Stream SQL Join

Enhanced Open Source Feature: Stream SQL Join

Flink's Table API&SQL is an integrated query API for Scala and Java that allows the composition of queries from relational operators such as selection, filter, and join in an intuitive way. For details about Table API&SQL, visit the official website at https://ci.apache.org/projects/flink/flink-docs-release-1.12/dev/table/index.html.

Introduction to Stream SQL Join

SQL Join is used to query data based on the relationship between columns in two or more tables. Flink Stream SQL Join allows you to join two streaming tables and query results from them. Queries similar to the following are supported:

SELECT o.proctime, o.productId, o.orderId, s.proctime AS shipTime
FROM Orders AS o
JOIN Shipments AS s
ON o.orderId = s.orderId
AND o.proctime BETWEEN s.proctime AND s.proctime + INTERVAL '1' HOUR;

Currently, Stream SQL Join needs to be performed within a specified window. The join operation for data within the window requires at least one equi-join predicate and a join condition that bounds the time on both sides.
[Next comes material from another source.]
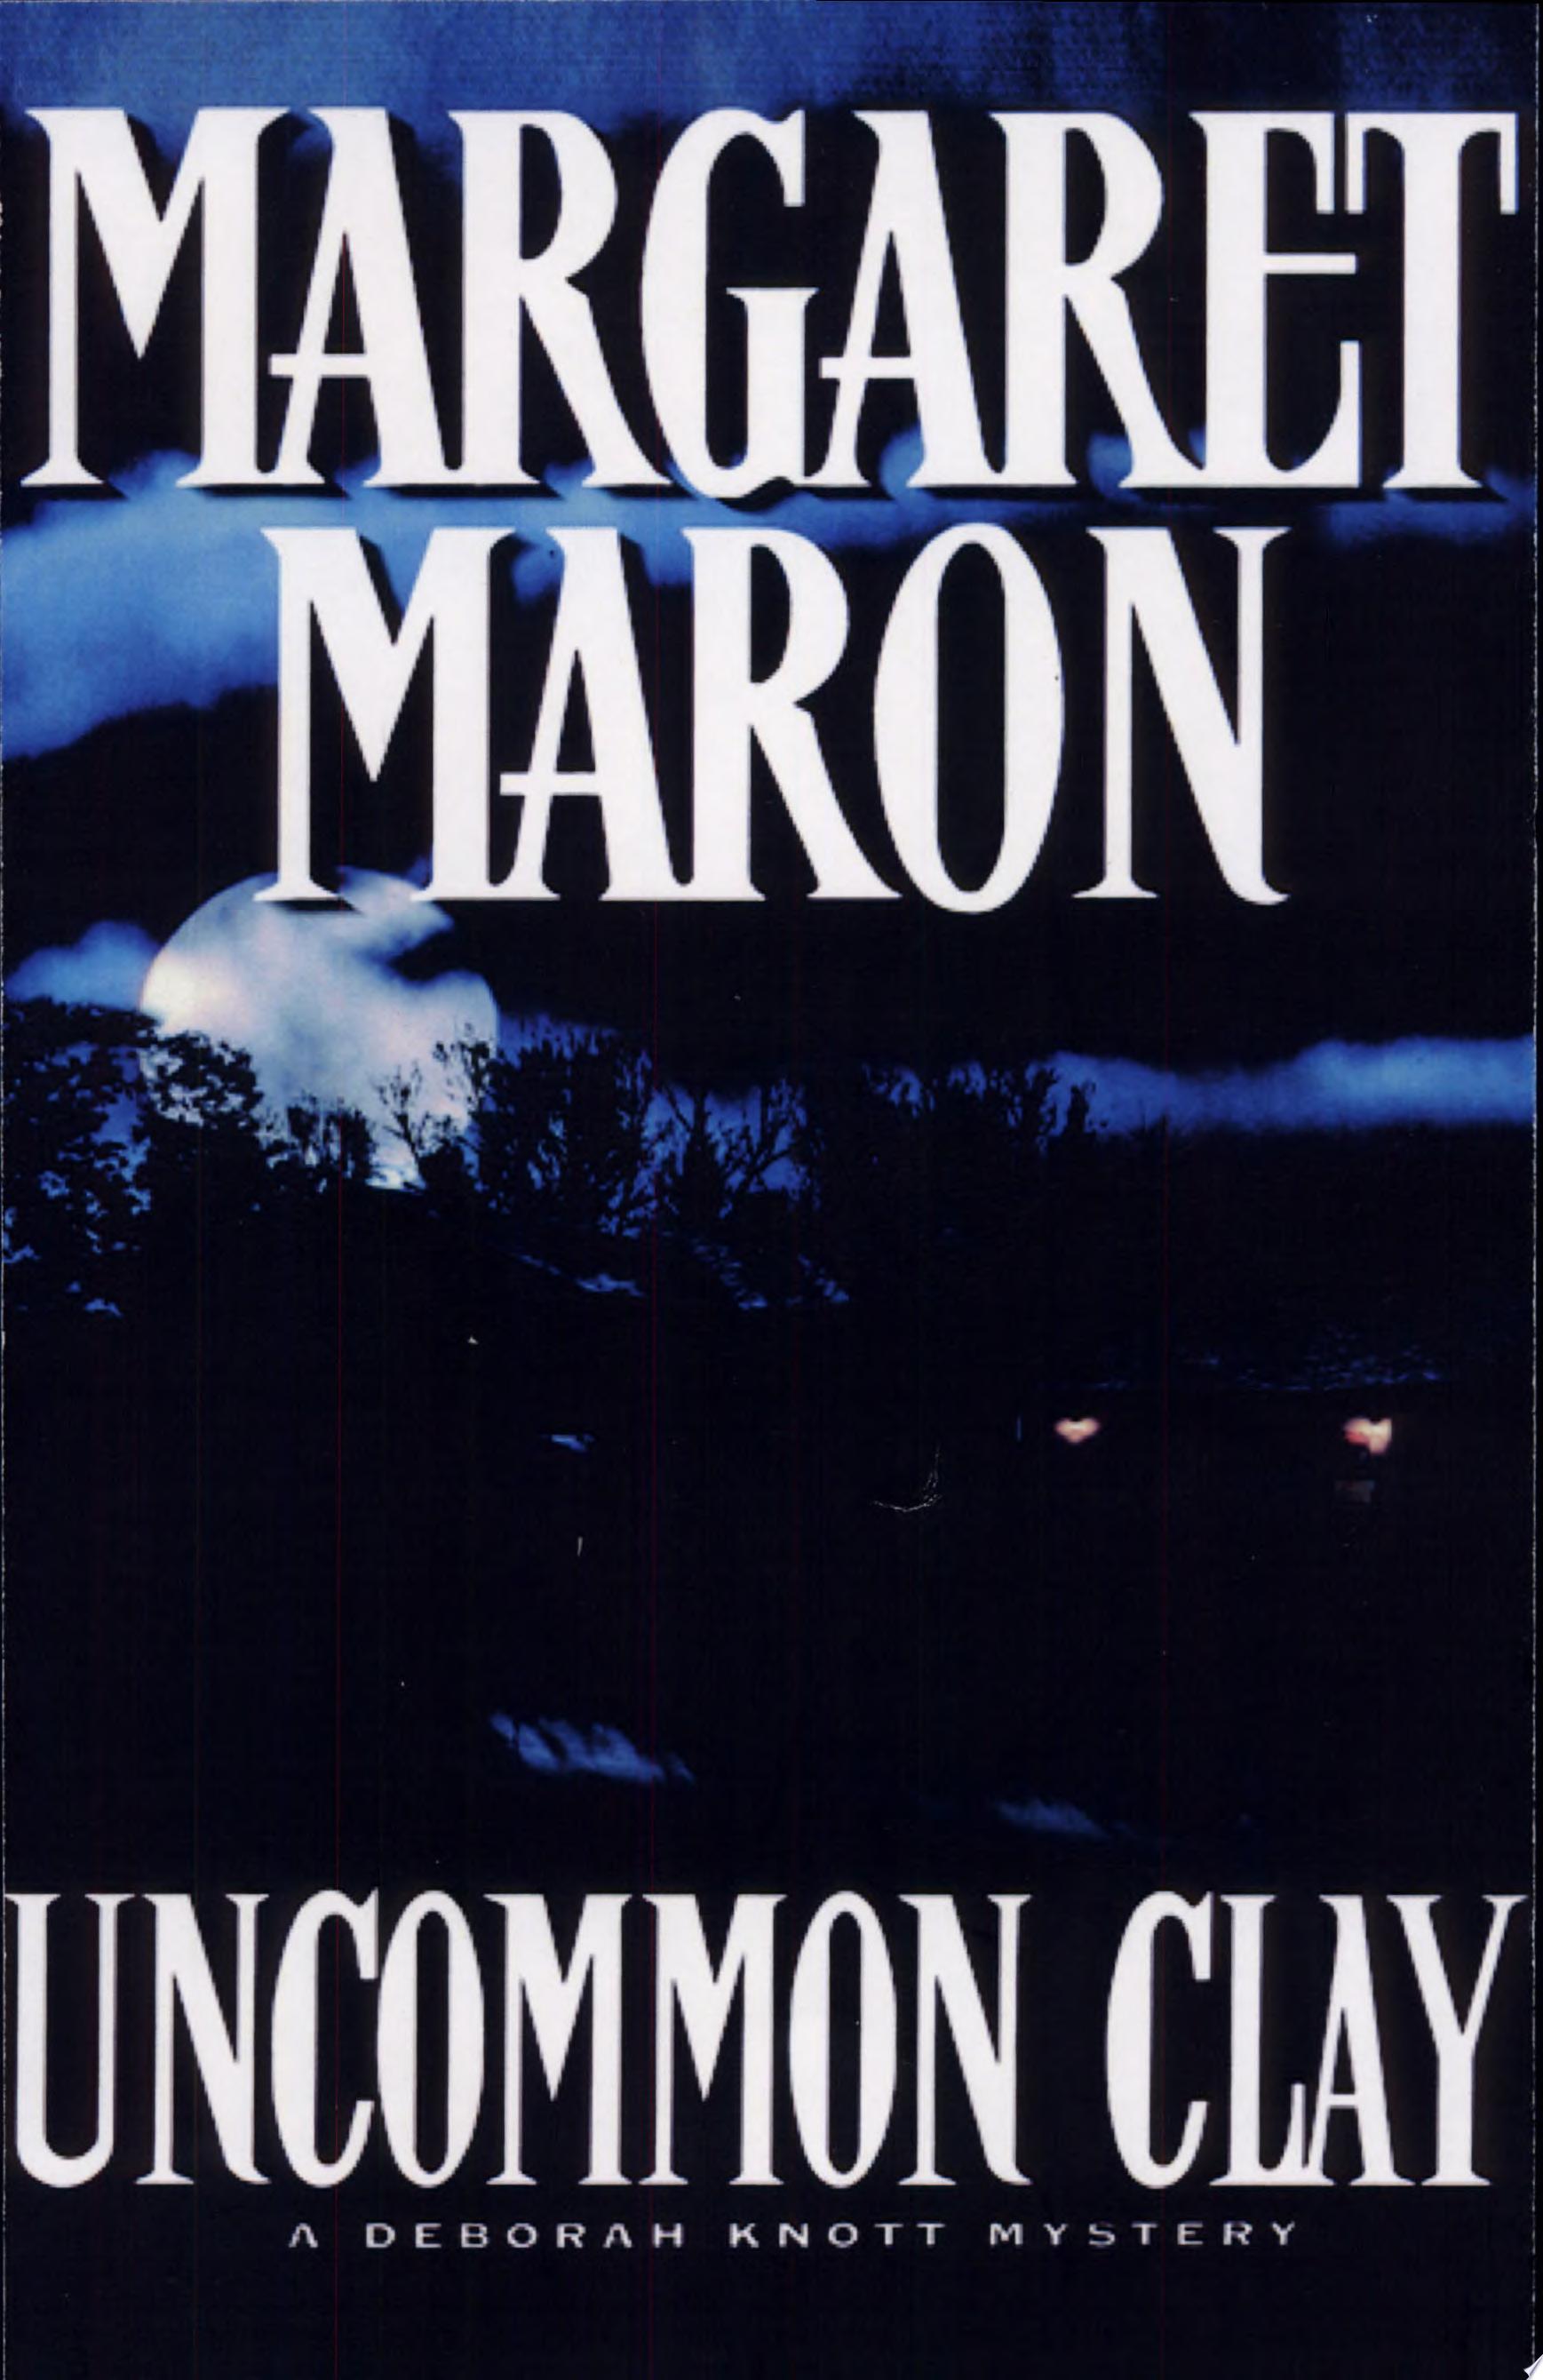 Image for "Uncommon Clay"
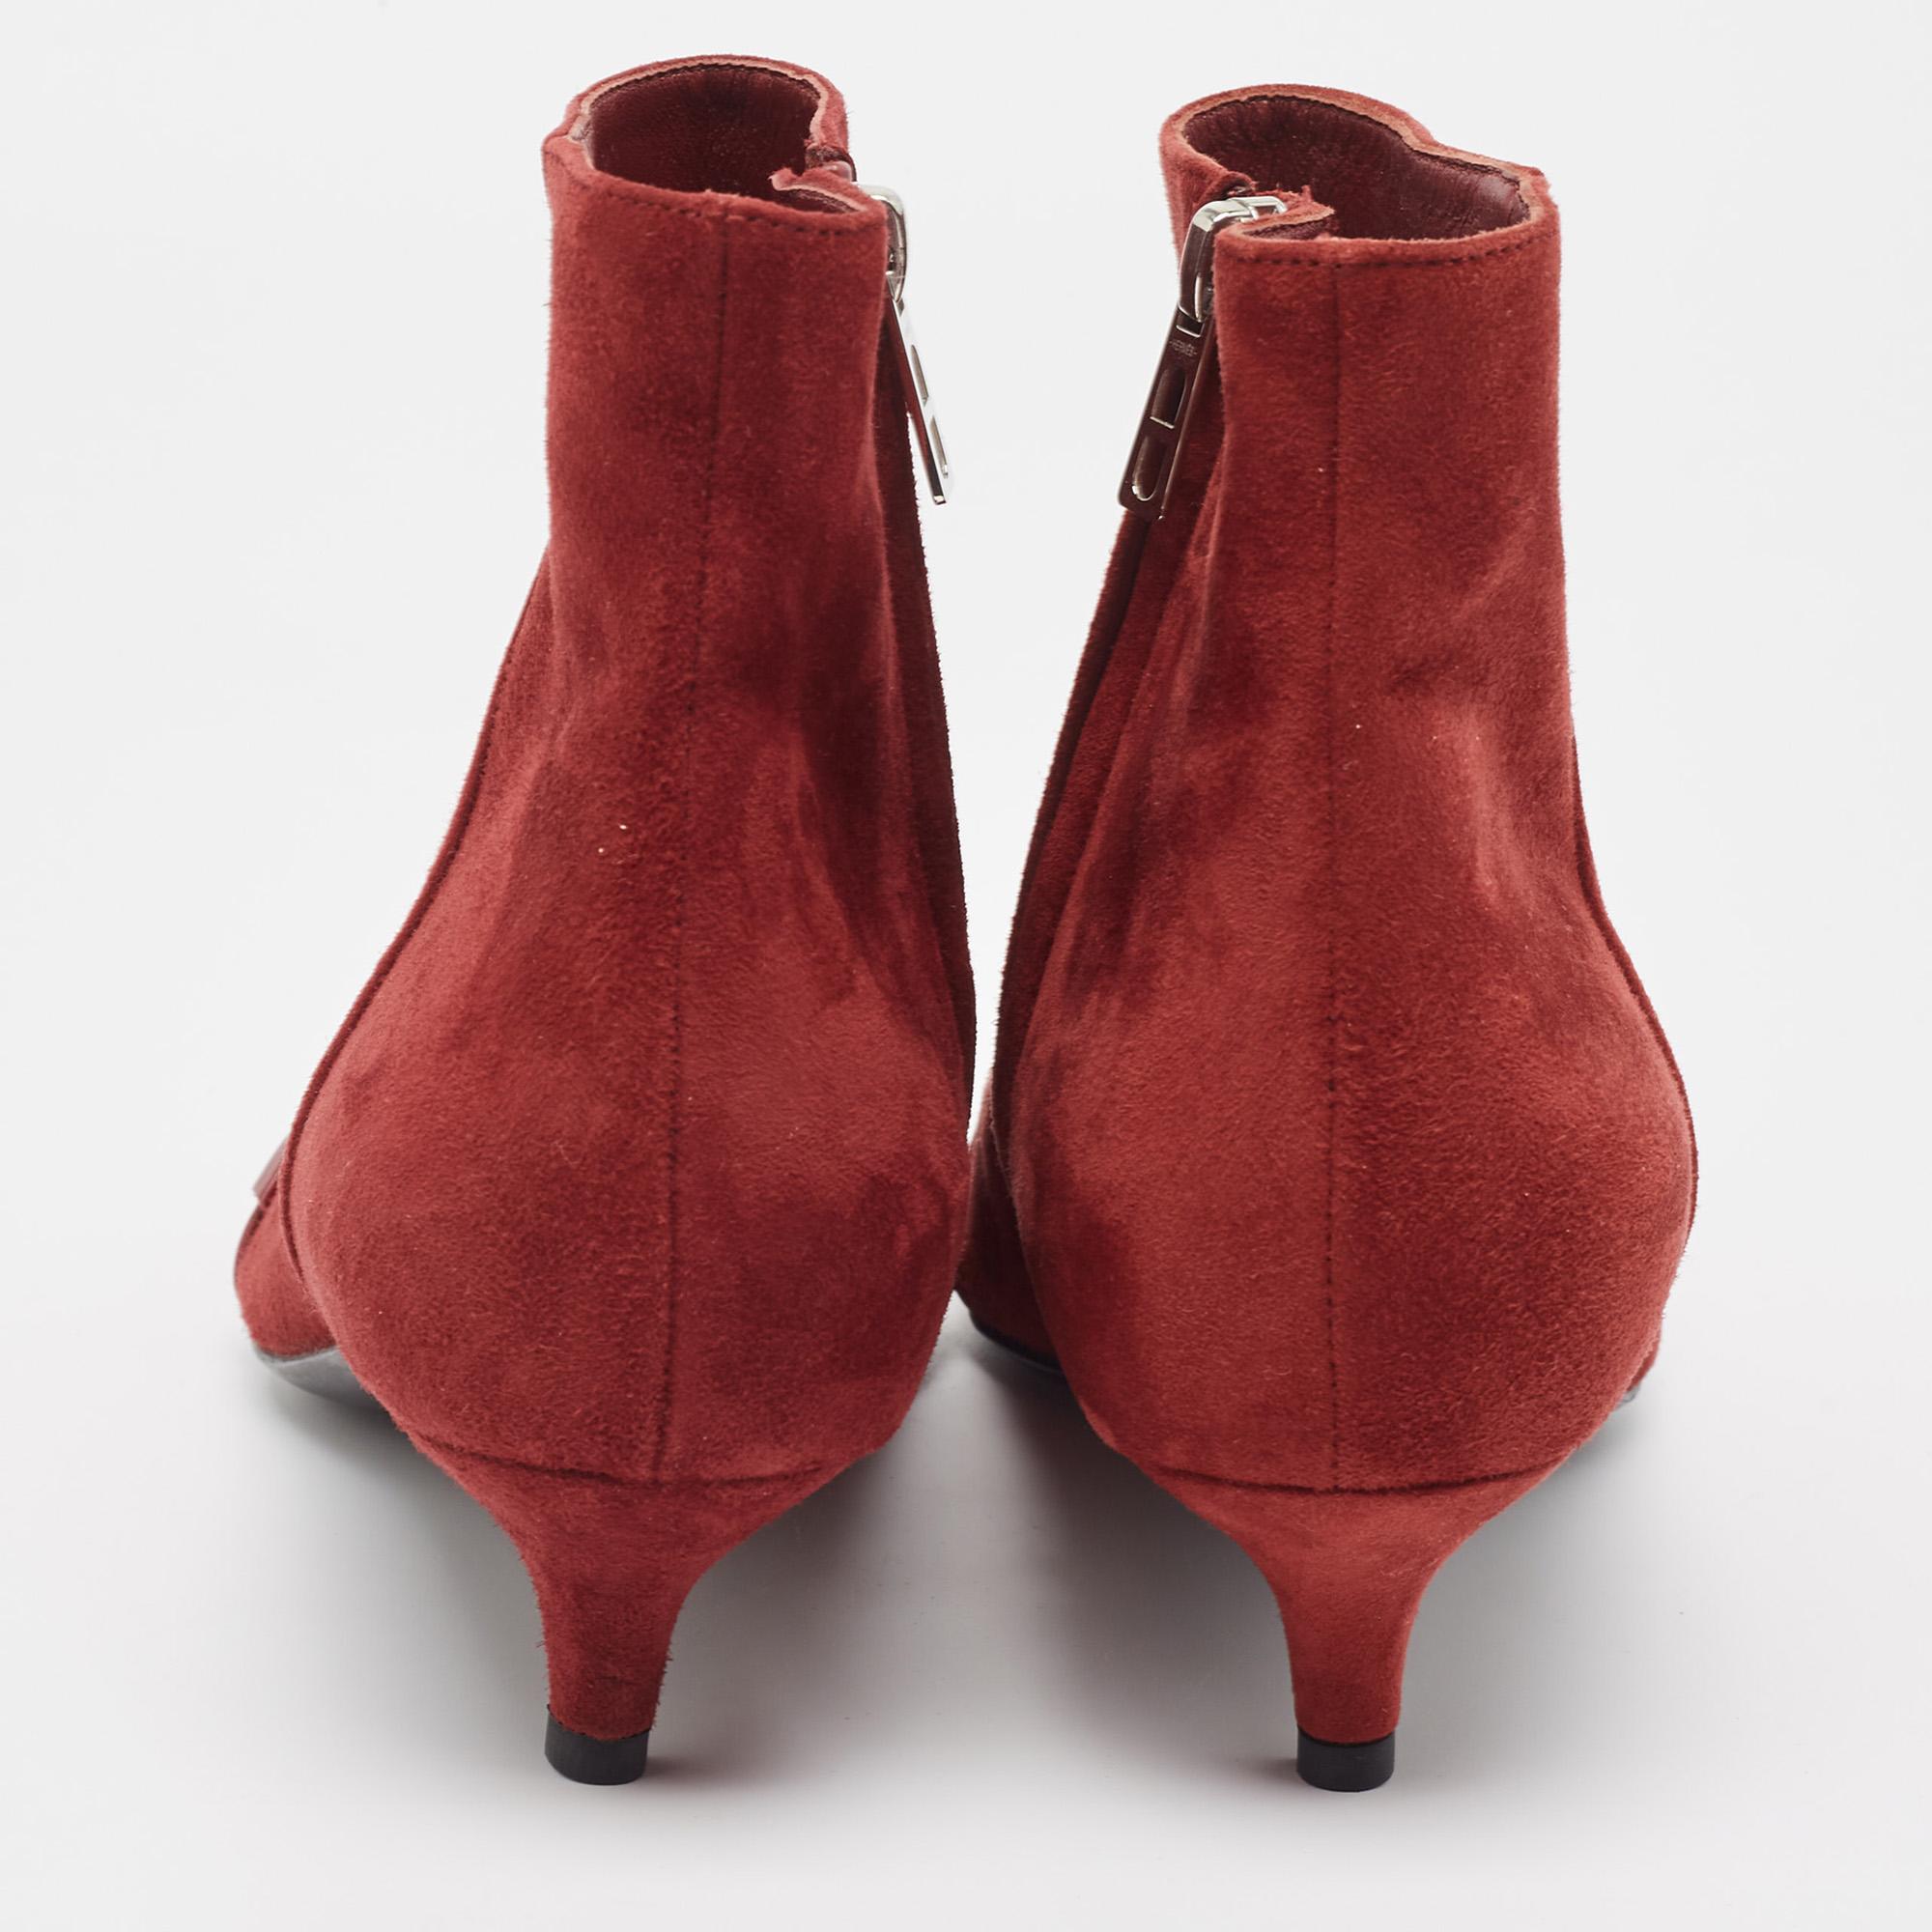 Hermès Dark Red Suede Ankle Booties Size 38 For Sale 1

Such a condition can be defined by two appropriate range predicates (<, <=, >=, >), a BETWEEN predicate, or a single equality predicate that compares the same type of time attributes (such as processing time or event time) of both input tables.

The following example will join all orders with their corresponding shipments if the order was shipped four hours after the order was received.

SELECT *
FROM Orders o, Shipments s
WHERE o.id = s.orderId AND
o.ordertime BETWEEN s.shiptime - INTERVAL '4' HOUR AND s.shiptime

Note

  1. Stream SQL Join supports only inner join.

  2. The ON clause should include an equal join condition.

  3. Time attributes support only the processing time and event time.

  4. The window condition supports only the bounded time range, for example, o.proctime BETWEEN s.proctime - INTERVAL '1' HOUR AND s.proctime + INTERVAL '1' HOUR. The unbounded range such as o. proctime > s.proctime is not supported. The proctime attribute of two streams must be included. o.proctime BETWEEN proctime () AND proctime () + 1 is not supported.